Device:tps kb_read/s kb_wrtn/s Kb_read Kb_wrtn
SDA 327.55 5159.18 102.04 5056 100
SDA1 0.00 0.00 0.00 0 0

TPS: The number of transmissions per second of the device (indicate, transfers per second, were issued to the.). "One-time transfer" means "one-time I/O request". Multiple logical requests may be merged into "one I/O request". The size of the "one transfer" request is unknown.

KB_READ/S: The amount of data read from the device (drive expressed) per second, KB_WRTN/S: The amount of data written to the device (drive expressed) per second, Kb_read: Total amount of data read, KB_WRTN: Total amount of data written ; These units are kilobytes.

In the example above, we can see statistics on the disk SDA and its partitions, when the total disk TPS for statistics is 39.29, and the following is the TPS for each partition. (because it is an instantaneous value, the total TPS is not strictly equal to the sum of each partition TPs)

2.-X parameter

With the-x parameter, we can get more statistical information.

iostat-d-x-k 1 10
device:rrqm/s wrqm/s r/s w/s rsec/s wsec/s rkb/s wkb/s avgrq-sz avgqu-sz await SVCTM%util
SDA 1.56 28.31 7.80 31.49 42.51 2.92 21.26 1.46 1.16 0.03 0.79 2.62 10.28
device:rrqm/s wrqm/s r/s w/s rsec/s wsec/s rkb/s wkb/s avgrq-sz avgqu-sz await SVCTM%util
SDA 2.00 20.00 381.00 7.00 12320.00 216.00 6160.00 108.00 32.31 1.75 4.50 2.17 84.20

RRQM/S: How much of this device-dependent read request is merged per second (when the system call needs to read the data, the VFS sends the request to each FS, and if FS finds that different read requests read the same block data, FS merges the request into the merge); wrqm/ S: How much of this device-related write request per second has been merge.

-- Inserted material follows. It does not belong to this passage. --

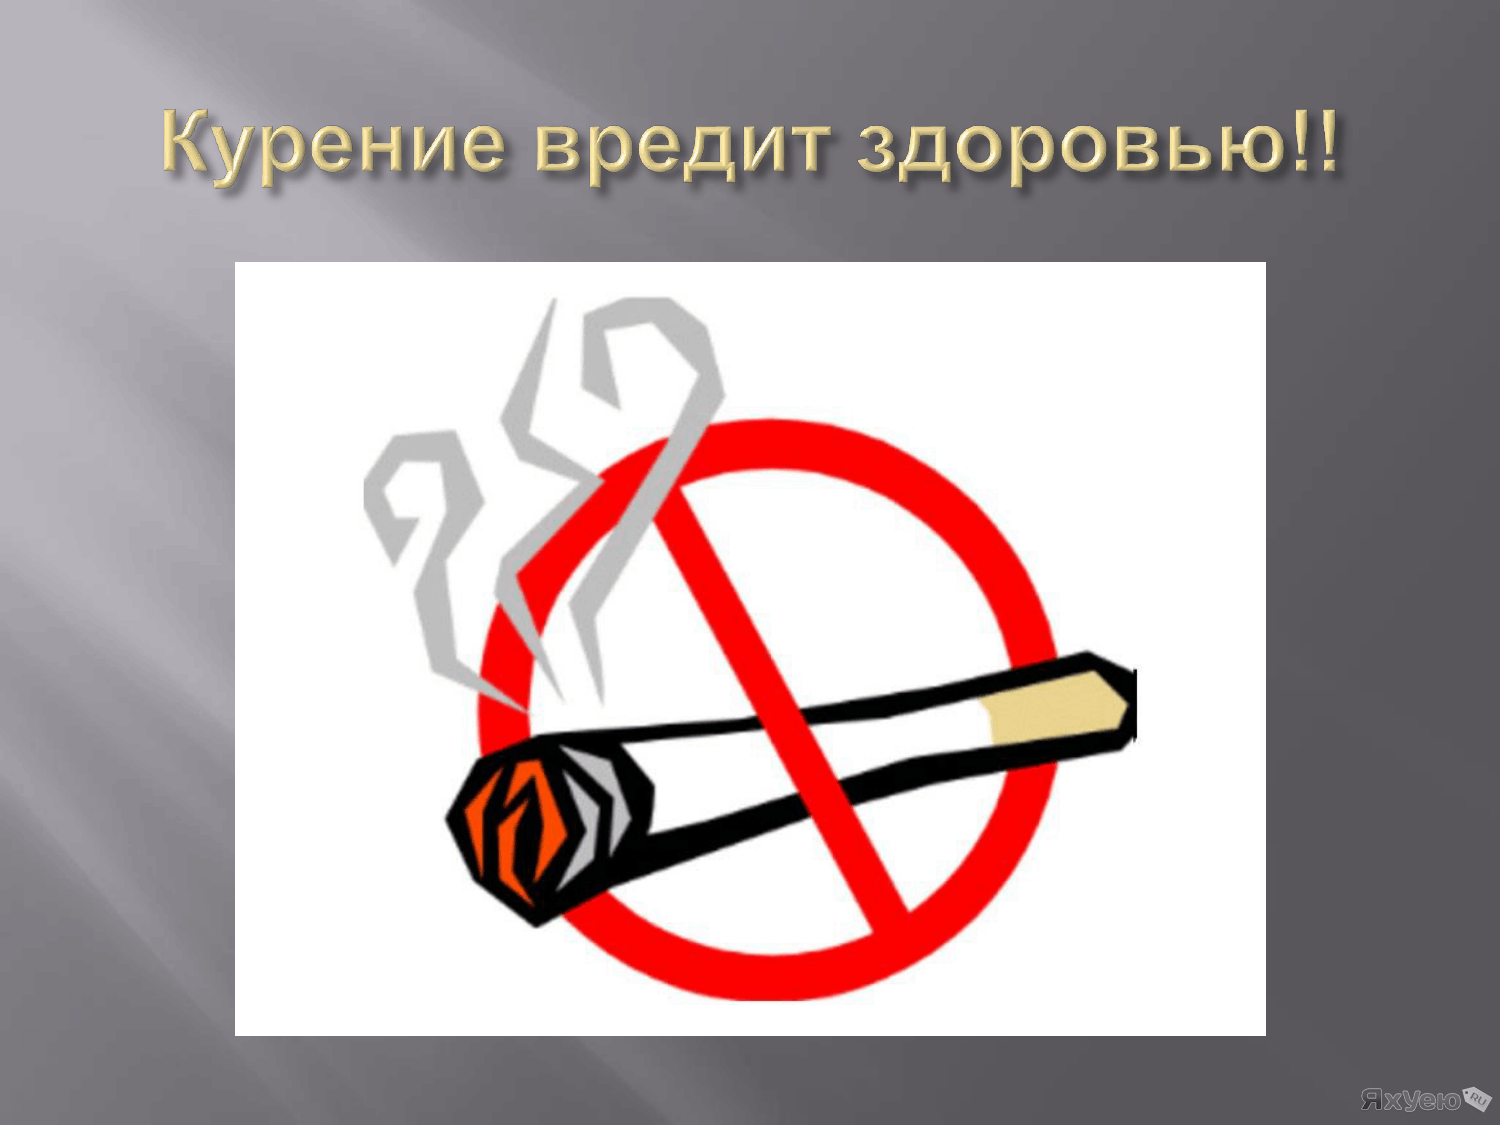 Способно нанести вред здоровью. Курение вредит здоровью. Курить здоровью вредить. Парение вредит здоровью. Курить вредно для здоровья.

RSEC/S: Number of sectors read per second; wsec/: Number of sectors written per second. R/s:the number of read requests that were issued to the device per second;w/s:the number of write requests that were issue D to the device per second;

Await: The average time (in milliseconds) of processing per IO request. This can be understood as the response time of IO, generally the system IO response time should be less than 5ms, if greater than 10ms is relatively large.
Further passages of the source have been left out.